Best Practices for Using Amazon S3

Articles & Tutorials>Best Practices for Using Amazon S3
Amazon S3 is storage for the Internet, designed to make web-scale computing easier for developers.While Amazon strives to make use of the service as straight-forward as possible, observing some easy-to-implement best practices can dramatically improve your experience.

Details

Submitted By: Dan@AWS
AWS Products Used: Amazon S3
Created On: November 26, 2008 8:27 PM GMT
Last Updated: May 20, 2009 9:40 PM GMT

By the Amazon Simple Storage Service Team

Setting Up Your Account

When using Amazon S3 for a production system, it's a good idea not to use an individual's email address to set up the account. Many organizations create an email alias specifically for their use of Amazon Web Services and can then manage who receives mail sent to that alias when responsibility for the AWS account shifts from one individual to another. It's also often a good idea to set up separate development and production accounts to isolate the production system from development work.

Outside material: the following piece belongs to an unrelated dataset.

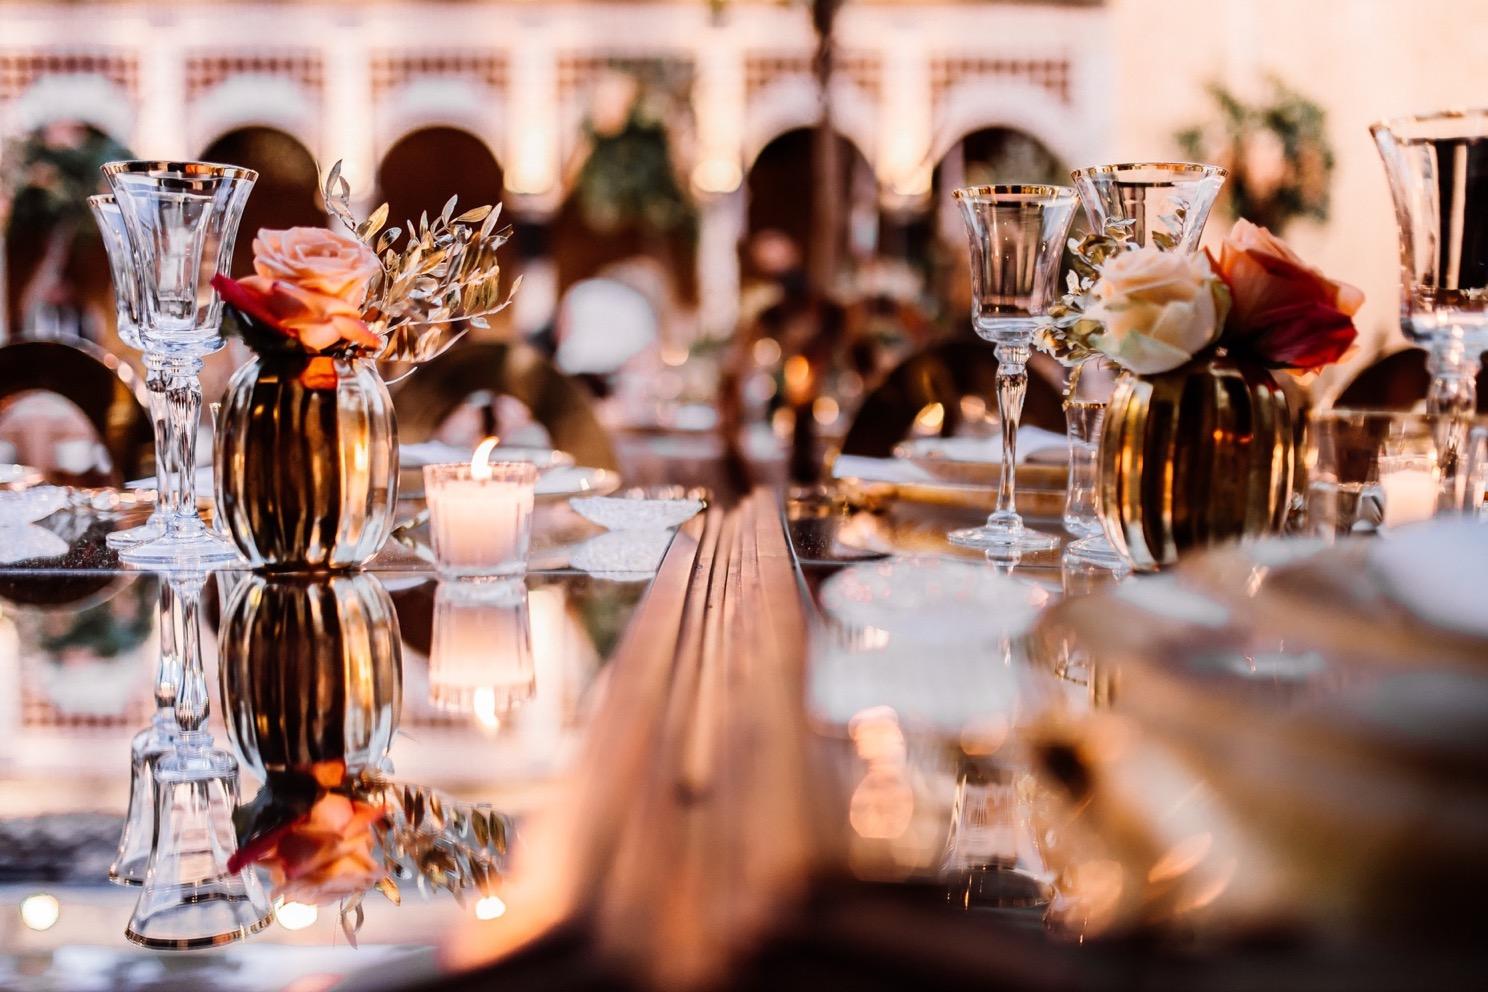 Si-Quiero-Wedding-Planner-By-Sira-Antequera-Bodas-Málaga-Marbella-Miami- L-A-10

Choosing a Development Library

The sample client libraries published by Amazon were designed for ease of code perusal, not for production use. There are great, production-grade libraries available in the community for most major platforms. Use them.

Some best-of-breed libraries:

Choosing Tools

Make development easier by taking advantage of some of the great tools available for use with S3.

For a list of reviewed tools, see the Amazon S3 Solutions Catalog.

Choosing your Bucket Location

Data stored in any given Amazon S3 bucket is replicated across multiple datacenters in a geographical region. Because response latencies grow when requests have to travel long distances over the internet, you should consider the region you place your objects in.

The service API provides you an explicit choice as to whether to put your bucket in the US or the EU. For best performance, choose the region closer to your most latency-sensitive customers.

Naming Buckets and Keys

Though buckets can be named with any alpha-numeric character, following some simple naming rules will ensure that you can reference your bucket using the convention <bucketname>.s3.amazonaws.com.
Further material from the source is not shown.